New code should use streamEvents() (returns Flux<AgentEvent>). The legacy stream() family (Flux<Event>) is @Deprecated(forRemoval = true) since 2.0.0 — see Message & Event and V1 Migration Guide B.4.

When the parent calls a synchronous subagent via agent_spawn / agent_send, the child’s intermediate events are forwarded live into the parent’s streamEvents() stream.
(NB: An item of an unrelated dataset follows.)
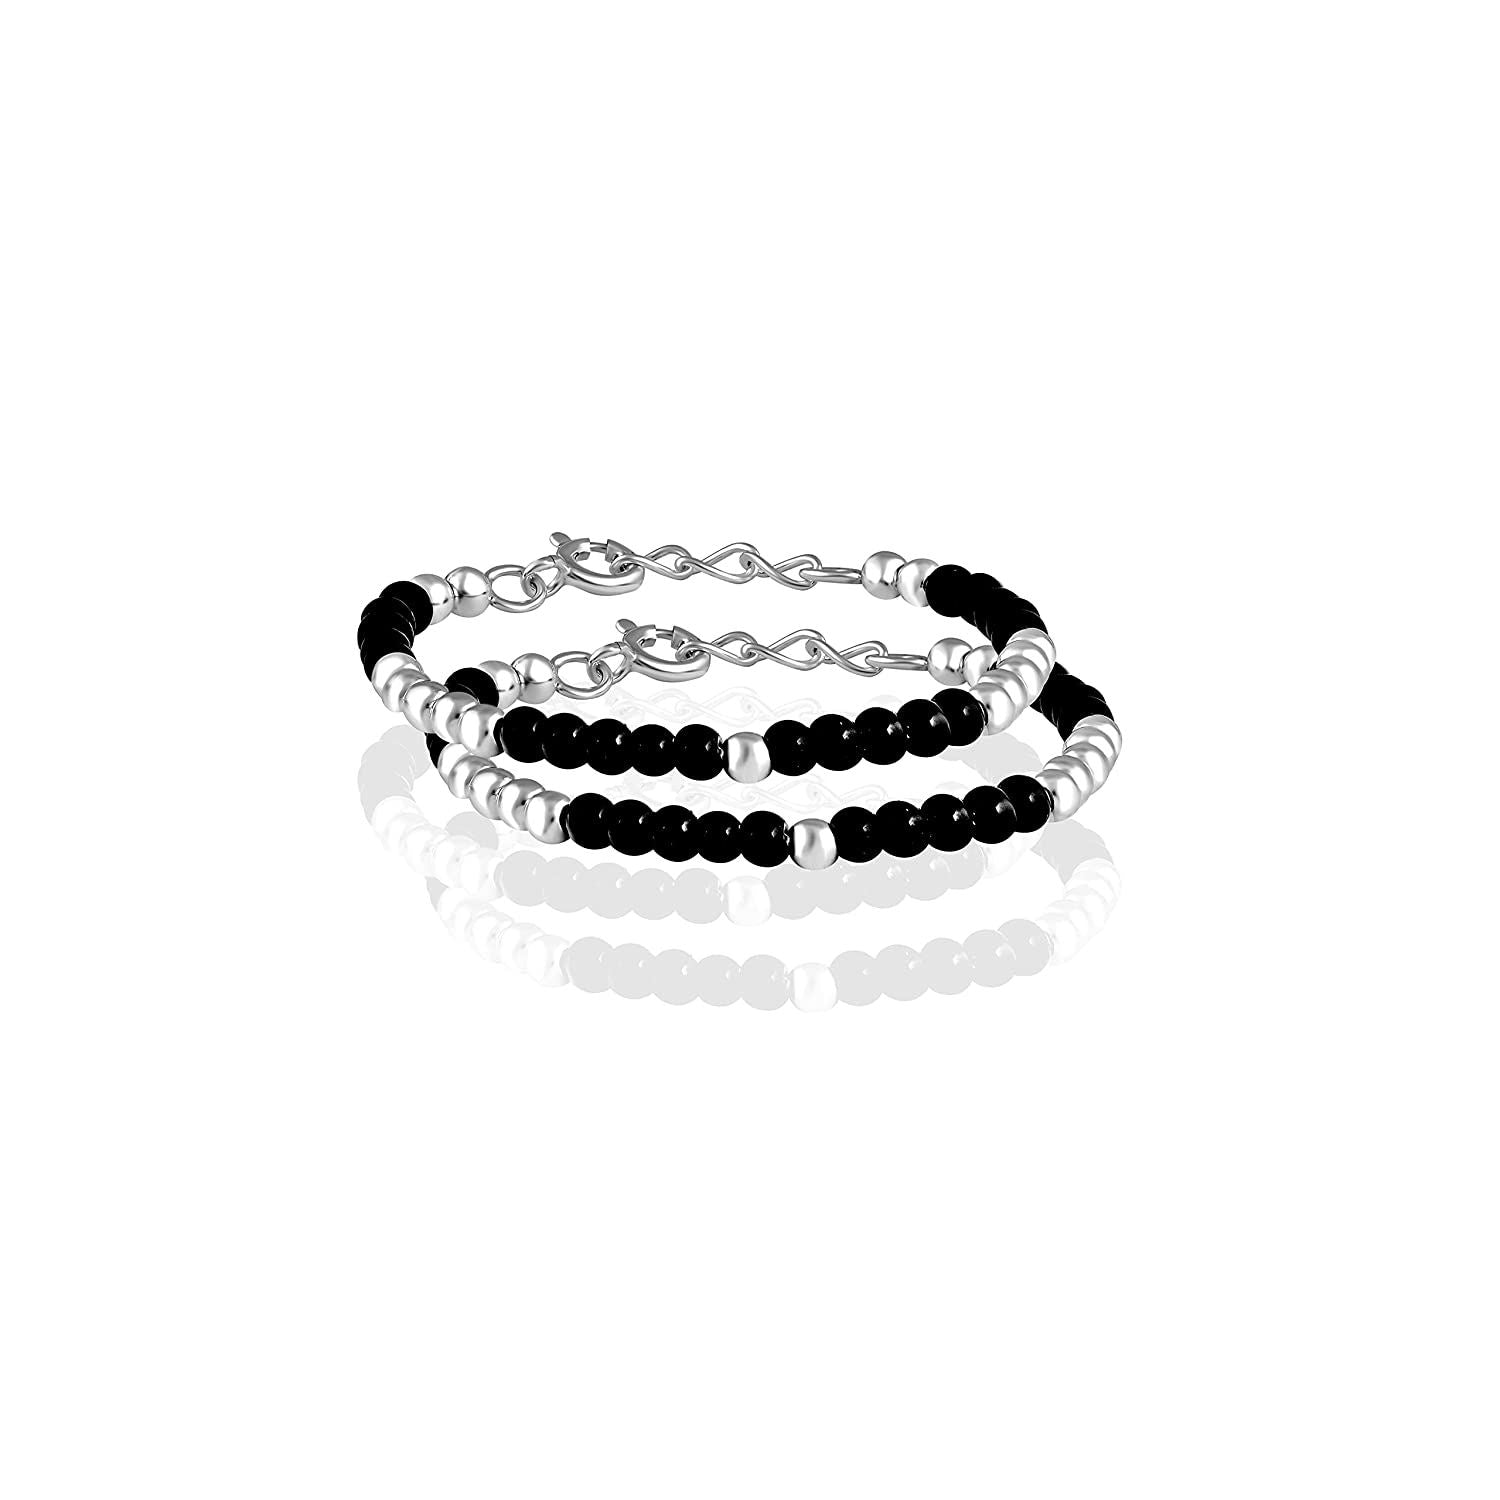 Buy Twist of Style Silver Toned Black Onyx Bracelet Online in India | Zariin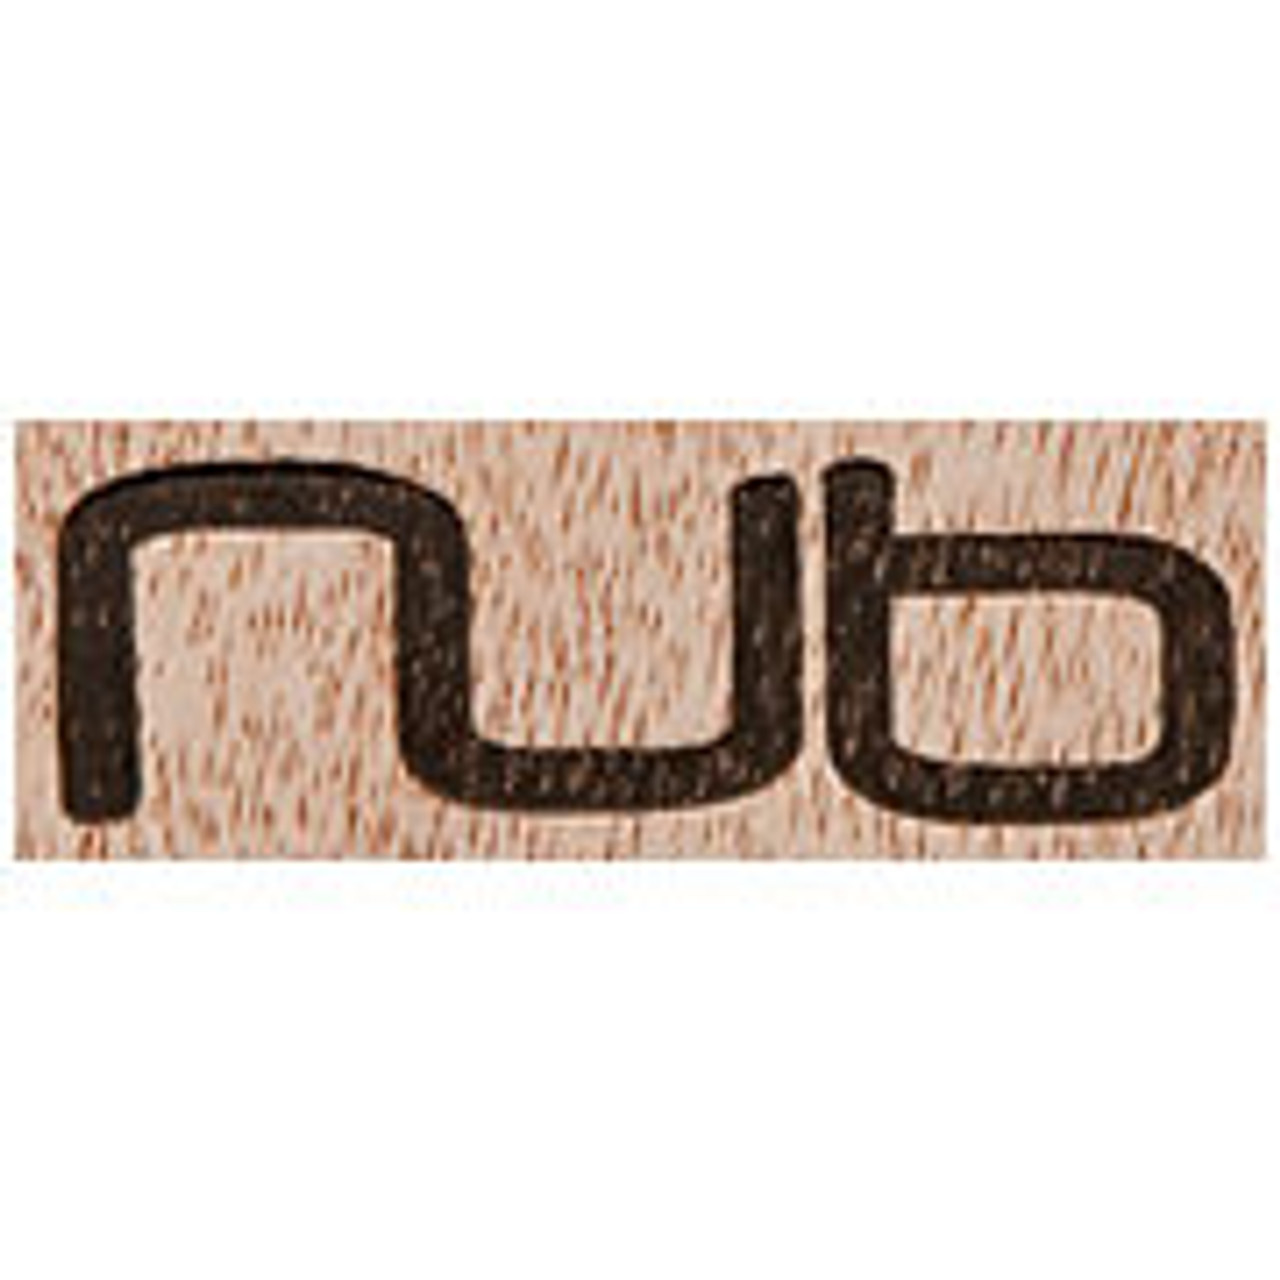 Nub Logo

Each child event carries a source field (a /-separated path like "main/researcher") so you can tell parent events (source == null) from child events.

caller
  └─ parent.streamEvents(msg, ctx)
        │
        ├─ AGENT_START                            ← parent starts
        ├─ TEXT_BLOCK_DELTA …                     ← parent reasoning
        ├─ TOOL_CALL_START "agent_spawn"
        │
        │  [child spawned]
        ├─ AGENT_START          (source="main/researcher")  ← child starts
        ├─ TEXT_BLOCK_DELTA …   (source="main/researcher")  ← child reasoning
        ├─ TOOL_CALL_START …    (source="main/researcher")
        ├─ TOOL_RESULT_END …   (source="main/researcher")
        ├─ AGENT_END            (source="main/researcher")  ← child done
        │  [agent_spawn returns; child result → parent TOOL_RESULT]
        │
        ├─ TOOL_RESULT_END                        ← parent receives tool result
        ├─ TEXT_BLOCK_DELTA …                     ← parent second round
        └─ AGENT_END                              ← parent done

Using `streamEvents()` (recommended)¶

parent.streamEvents(new UserMessage(message), ctx)
    .doOnNext(event -> {
        String src = event.getSource();
        String prefix = (src != null) ? "[" + src + "] " : "";

        if (event.getType() == AgentEventType.TEXT_BLOCK_DELTA) {
            System.out.print(prefix + ((TextBlockDeltaEvent) event).getDelta());
        } else if (event.getType() == AgentEventType.TOOL_CALL_START) {
            System.out.println(prefix + "[tool] " + ((ToolCallStartEvent) event).getToolCallName());
        } else if (event.getType() == AgentEventType.AGENT_START) {
            if (src != null) System.out.println("── child started: " + src);
        } else if (event.getType() == AgentEventType.AGENT_END) {
            if (src != null) System.out.println("── child finished: " + src);
        }
    })
    .blockLast();

Distinguish parent vs child events:

// parent events only
events.filter(e -> e.getSource() == null).subscribe(…);

// child events only
events.filter(e -> e.getSource() != null).subscribe(…);

// events from a specific child
events.filter(e -> e.getSource() != null && e.getSource().contains("researcher")).subscribe(…);

SSE forwarding¶

@GetMapping(value = "/chat", produces = MediaType.TEXT_EVENT_STREAM_VALUE)
public Flux<ServerSentEvent<String>> chat(@RequestParam String message,
                                          @RequestParam String sessionId) {
    RuntimeContext ctx = RuntimeContext.builder().sessionId(sessionId).build();
    return agent.streamEvents(new UserMessage(message), ctx)
            .map(event -> {
                Map<String, Object> payload = new LinkedHashMap<>();
                payload.put("type", event.getType().name());
                payload.put("id",   event.getId());
                if (event.getSource() != null) {
                    payload.put("source", event.getSource());
                }
                if (event instanceof TextBlockDeltaEvent delta) {
                    payload.put("delta", delta.getDelta());
                } else if (event instanceof ToolCallStartEvent start) {
                    payload.put("toolName", start.getToolCallName());
                }
                return ServerSentEvent.<String>builder()
                        .data(objectMapper.writeValueAsString(payload))
                        .build();
            });
}

Behavior boundaries¶

Scenario	Live forwarding?
`streamEvents()` + synchronous local child (`timeout_seconds > 0`)	✔
`call()` mode (non-streaming)	✗ (child result returns as `tool_result` string)
`timeout_seconds = 0` background task	✗ (result pushed via reverse notification to parent’s next round)
Remote subagent (Agent Protocol)	✗

Error handling¶

When a child throws internally, the framework captures it and writes a TOOL_RESULT back to the parent. It does not propagate onError into the parent stream — child failures don’t break the parent. If the parent stream itself errors, use standard Reactor semantics (onErrorResume, etc.).